One anti-trafficking advocate defines the shift that took place:
We started to shift our focus, certainly on international trafficking—the movies, the kidnappings, you know, that's certainly present but to a bigger degree, and a more important extent, to get across to the public that trafficking is happening in our own backyards.
As you can hear, internal trafficking is framed in reaction to stereotypical concepts of international human trafficking. From this standpoint the aim was to counteract the apathy of the criminal justice system toward indigenous women's bodies. I would argue that the criminal justice system has hardly been apathetic toward indigenous women. This is clearly demonstrated by the stark overrepresentation of indigenous women incarcerated in Canada.

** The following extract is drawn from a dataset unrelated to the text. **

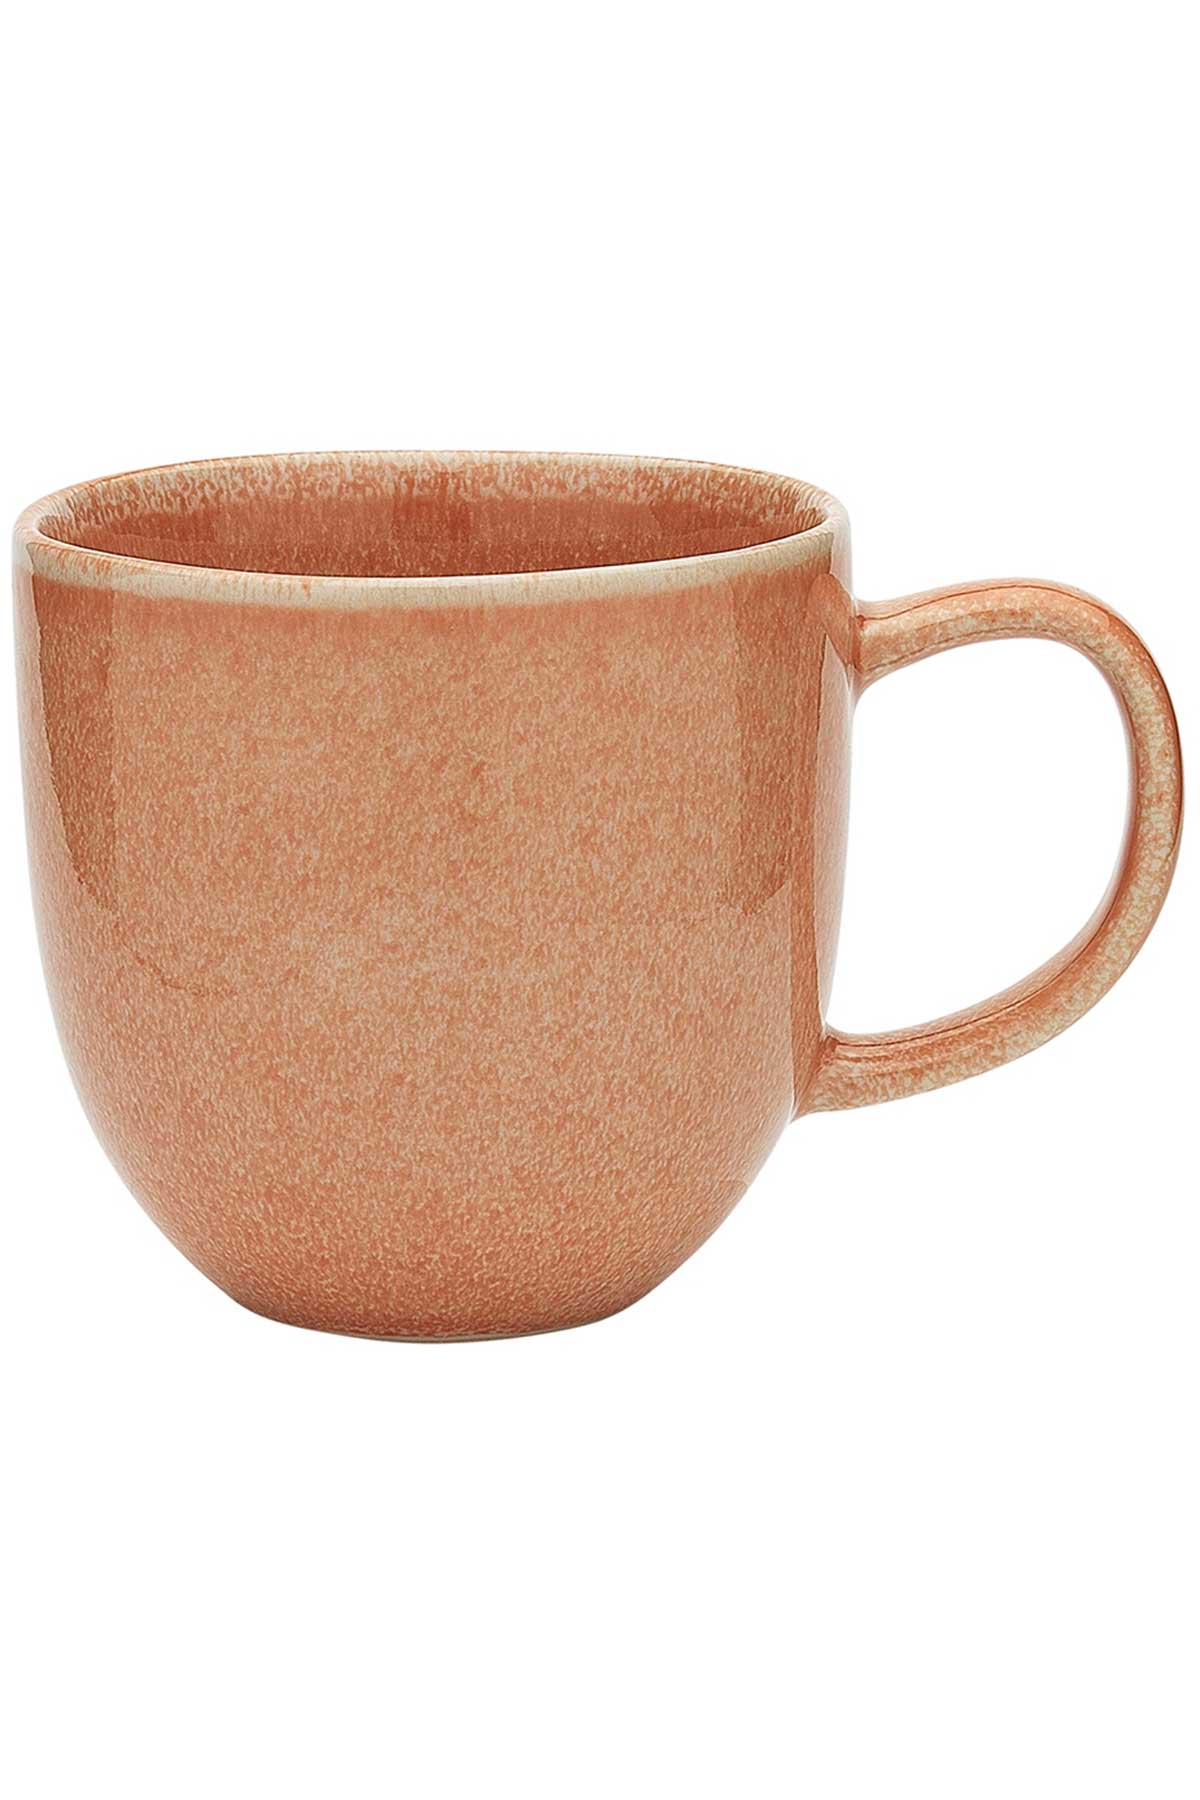 Dwell mug in Dusk
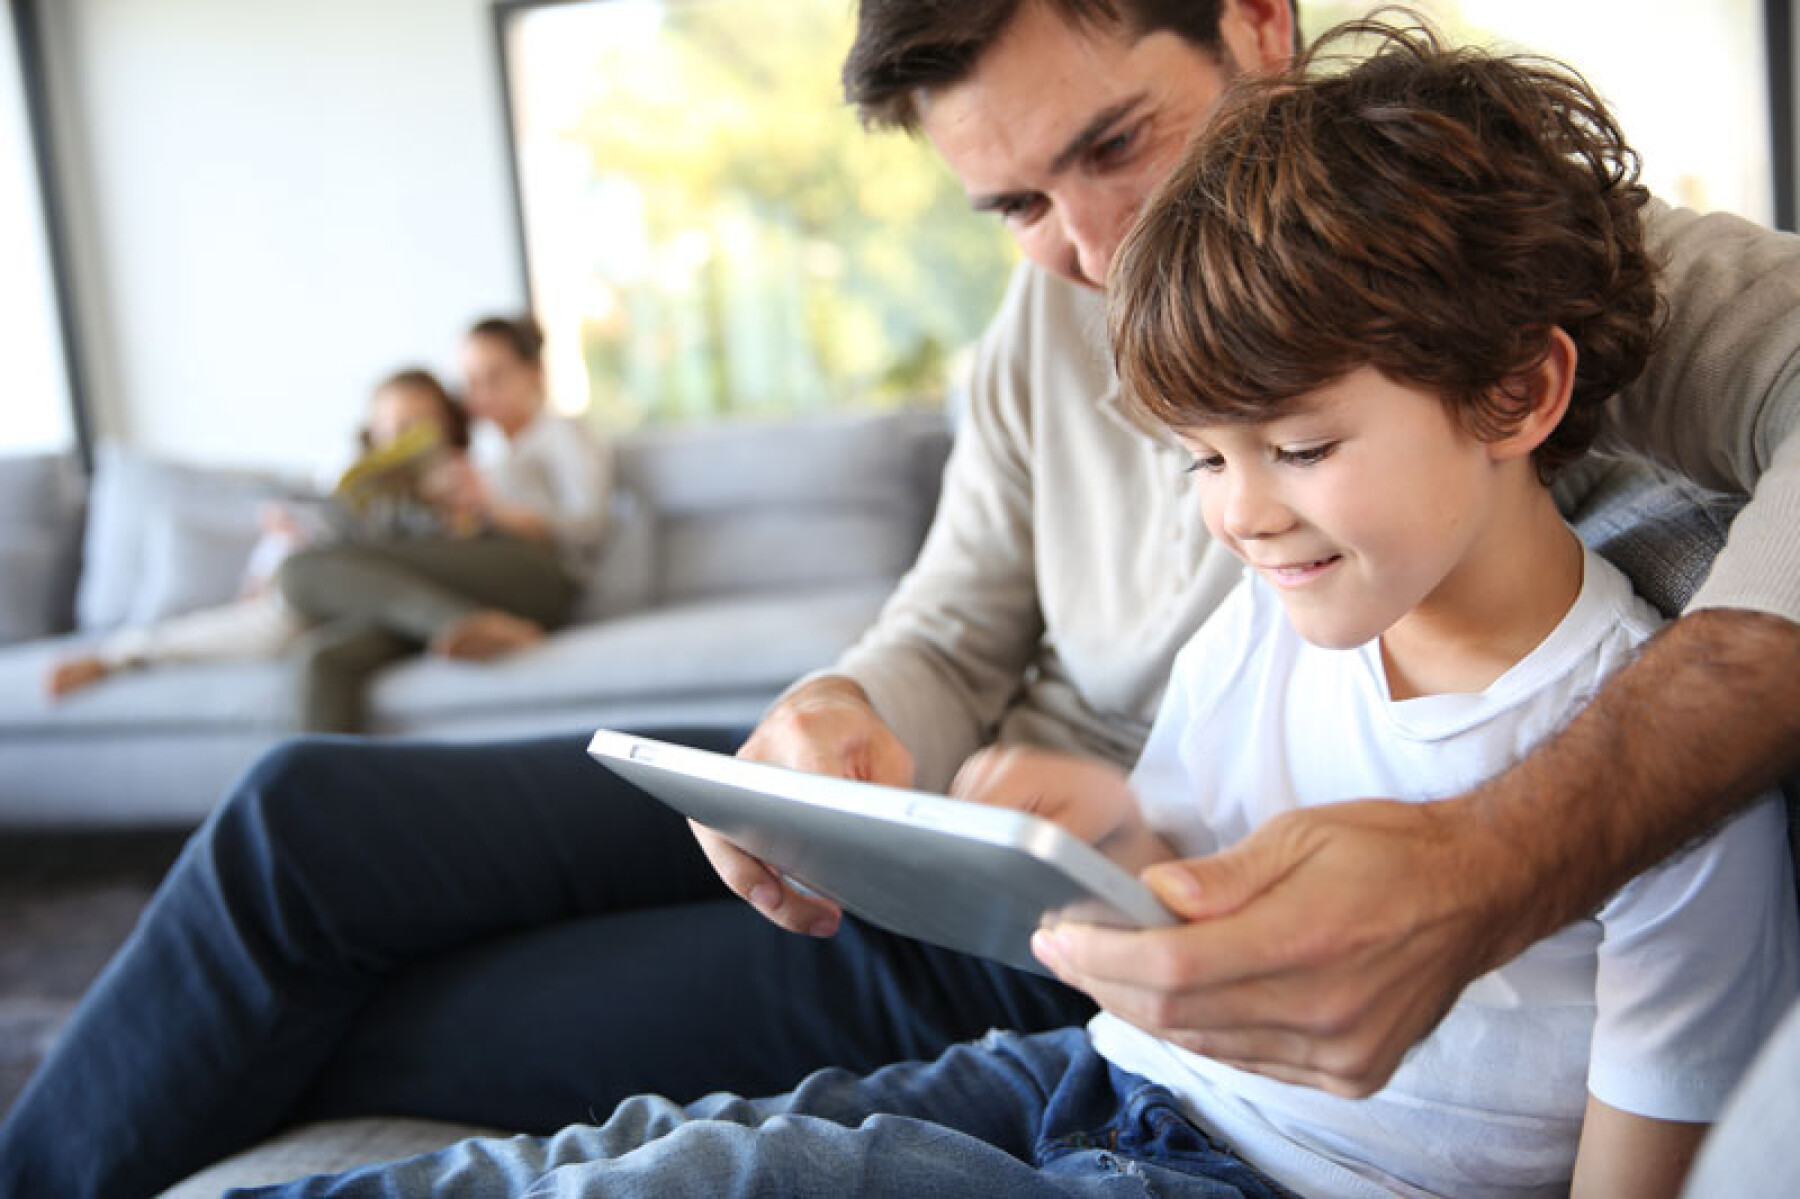 TCHAT - Temps d’écran, âge, règles familiales : comment gérer les écrans de nos enfants ? Appel à questions

Nonetheless, the idea was that a trafficking lens could undermine colonial-driven images that portray indigenous women and girls as perpetrators of crime rather than as victims. Internally, the victim label associated with trafficking was bolstered as a mechanism to resolve racist and colonial constructs of indigenous women. These interpretations ignore the settler colonial forms of state control and how they are particularly evident in Canada's role in and our response to violence against indigenous women. The very means of trafficking identified in the United Nations protocol definition of human trafficking are precisely the means by which the settler colonial state was formed.
Canada, alongside other settler colonial nations, was premised on forced movement, coerced labour, fraudulent dislocations, sexualized violence, and varying forms of abuses of power and exploitation that were legislated through the Indian Act and through Canadian law. The abolition of some indigenous ceremonies, for example, was seen as necessary for the protection of native women, for the prevention of prostitution, and the preservation of white settlement.
As a front-line worker from an indigenous-led organization indicates, “indigenous women have been trafficked right from the beginning of colonization”.
While many of us involved in anti-trafficking advocacy assume ourselves to be outside the violence of colonization, often by the very virtue of addressing the legacies of colonization, by emphasizing at risk subjects as the objects of our concerns, anti-trafficking naturalizes and reinforces the very space of dispossession where individuals vulnerable to trafficking emerge.